The latest in the Reef Identification series focuses on the weird, wonderful and just plain unknown inhabitants of the reefs in a vast area from Tahiti to Thailand. Many photographers will be already familiar with this series, and indeed, the Reef fish identification companion volume to this book has been around for some time. In many ways the 7-year gap between the two publications illustrates much of what this new book is about. The sheer volume and quality of information presented is quite frankly amazing.

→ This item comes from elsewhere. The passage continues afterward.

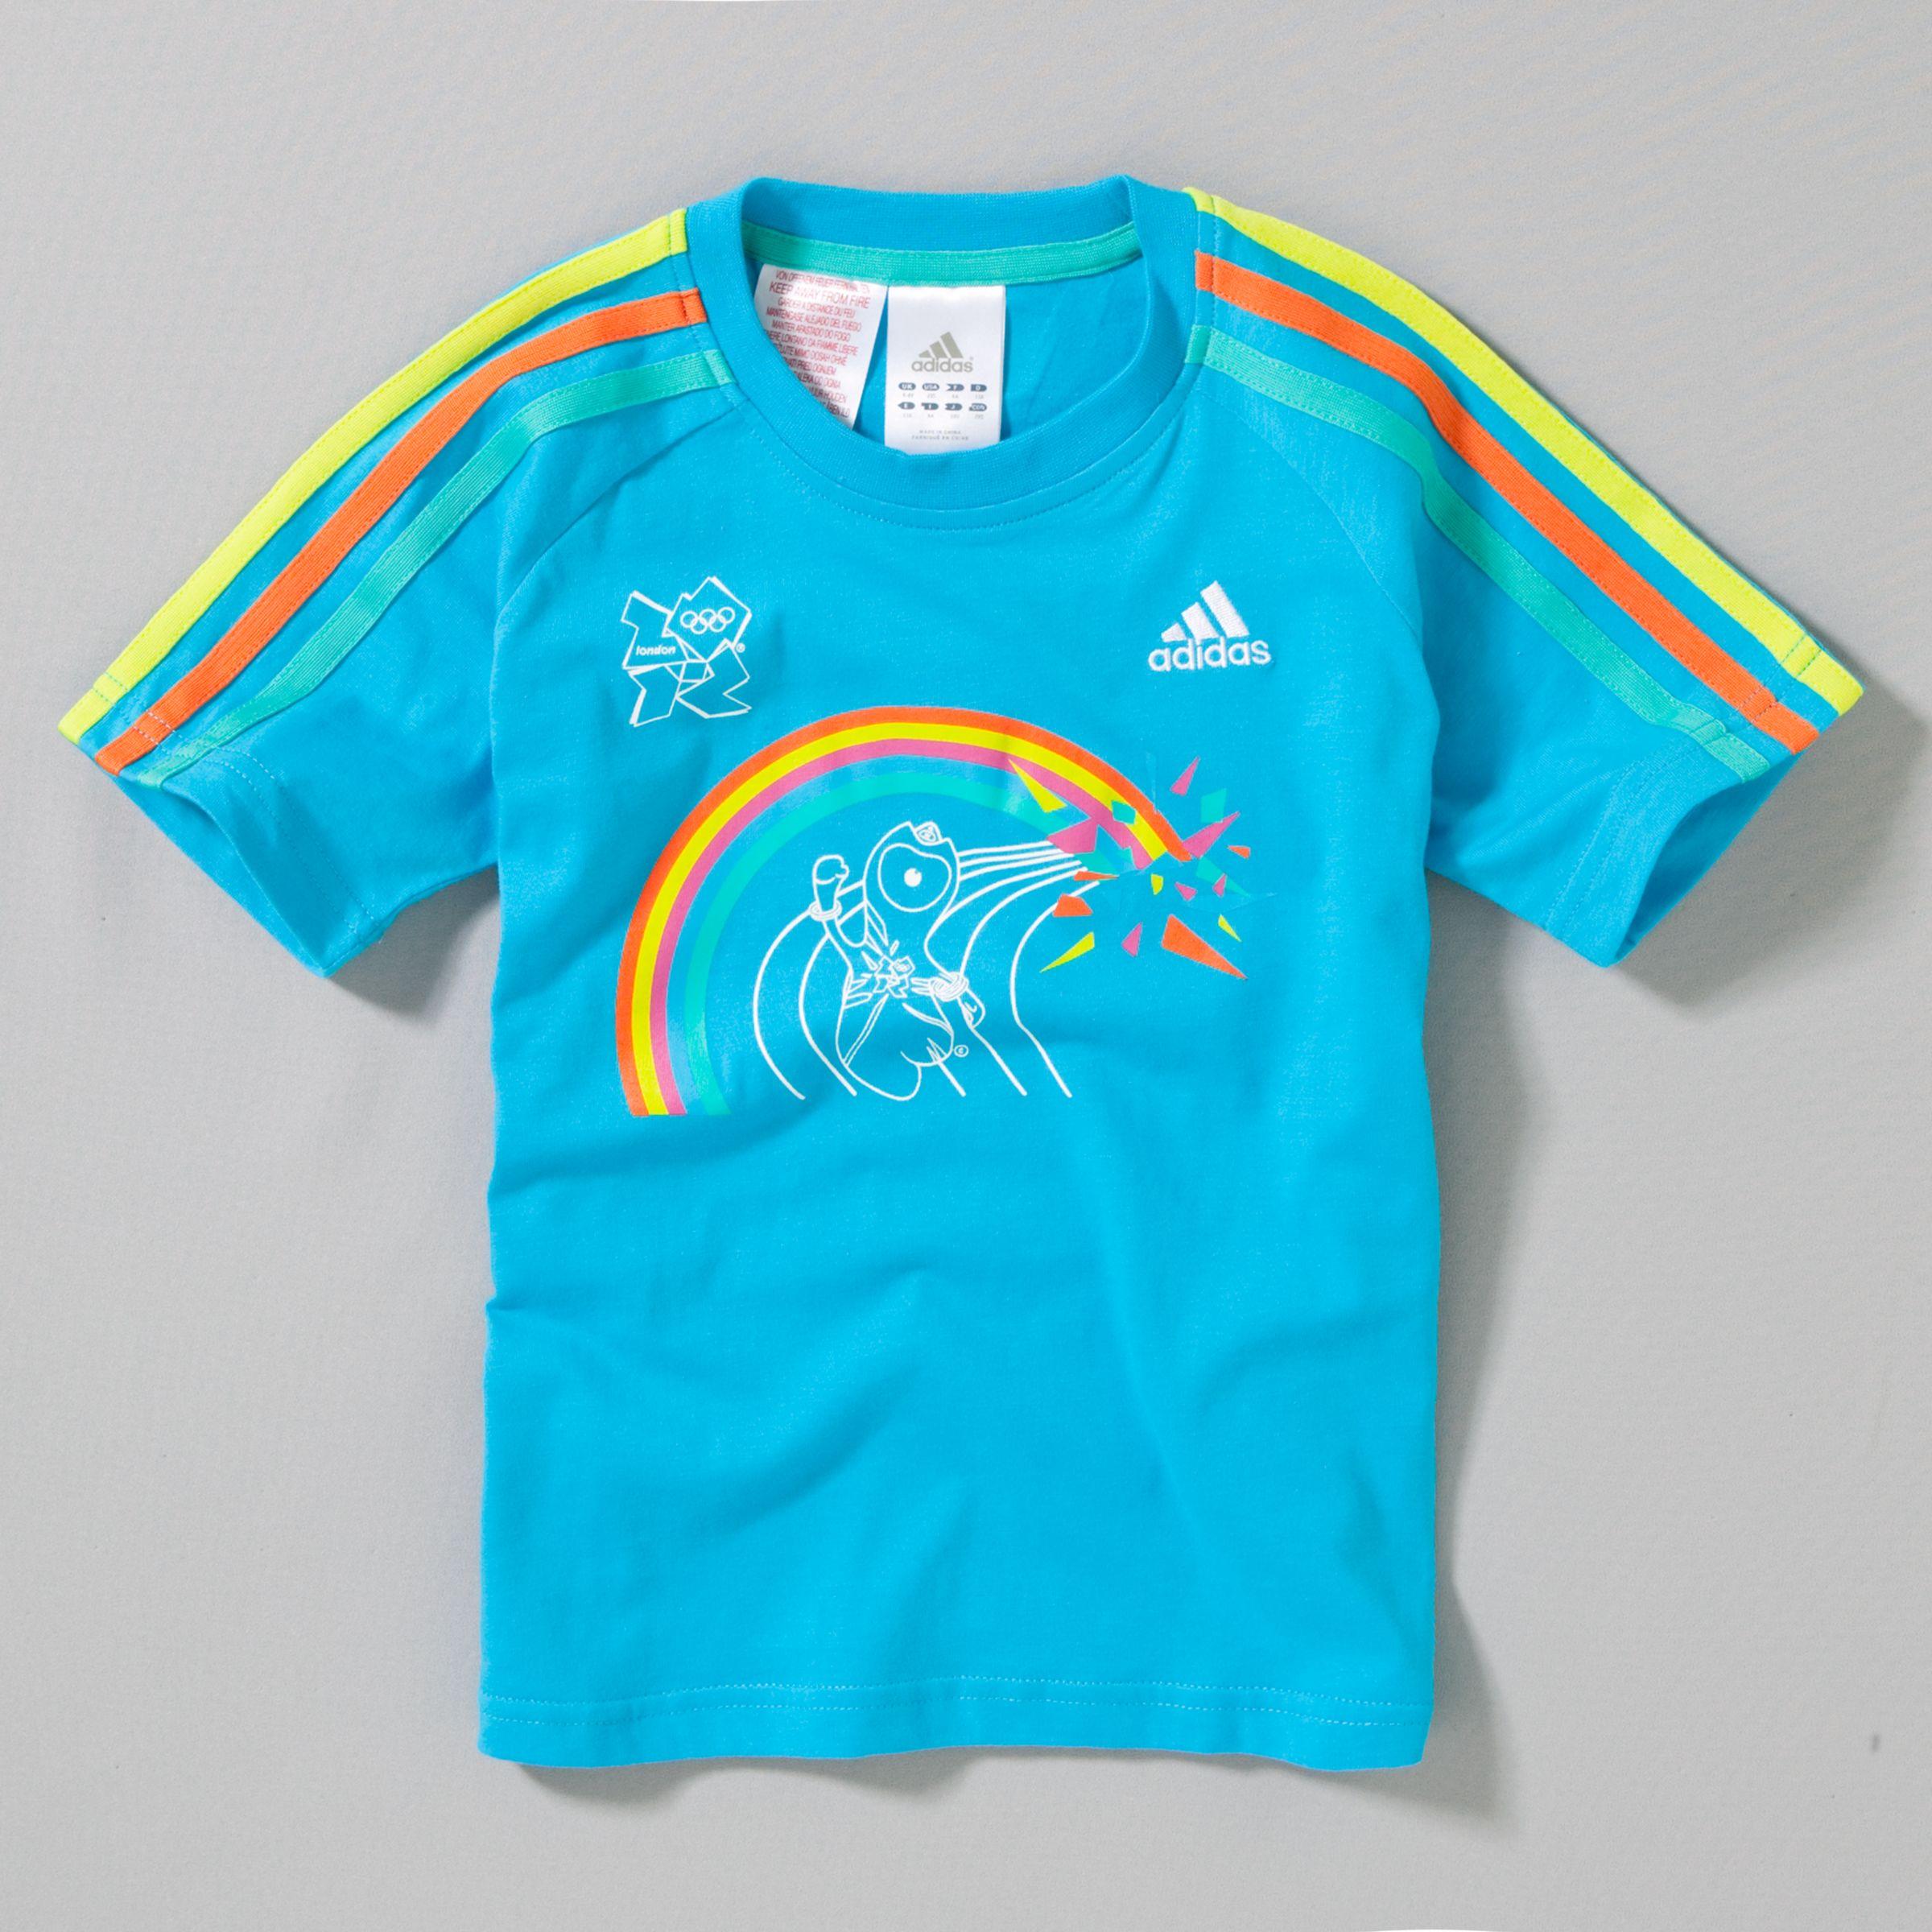 London 2012 Wenlock Rainbow T-Shirt, Pure

The book is in the familiar format, but at 500 pages, definitely is the most comprehensive to date. The book opens with a broad species key, to enable the reader to narrow down his or her search within the content. Then 1600 marine invertebrates are described, illustrated and cataloged with over 2000 photos helping to do so. In a departure from the preceding books, the last 30 pages are devoted to an illustrated behavior section covering subjects like symbiosis, reproduction and predation in the species described.
This book signals the authors’ adoption of digital technology. Whilst much of the photography in the earlier volumes has been superb, the ability to check images underwater and correct as required is reflected in the overall quality of pictures in this book. Quite apart from the practical value of the images for species identification, the book also manages to be a visual feast. I have shown the book to numerous people, with varying connections to the underwater world, and the reaction from all of them has been amazement at the variety and beauty of the subjects.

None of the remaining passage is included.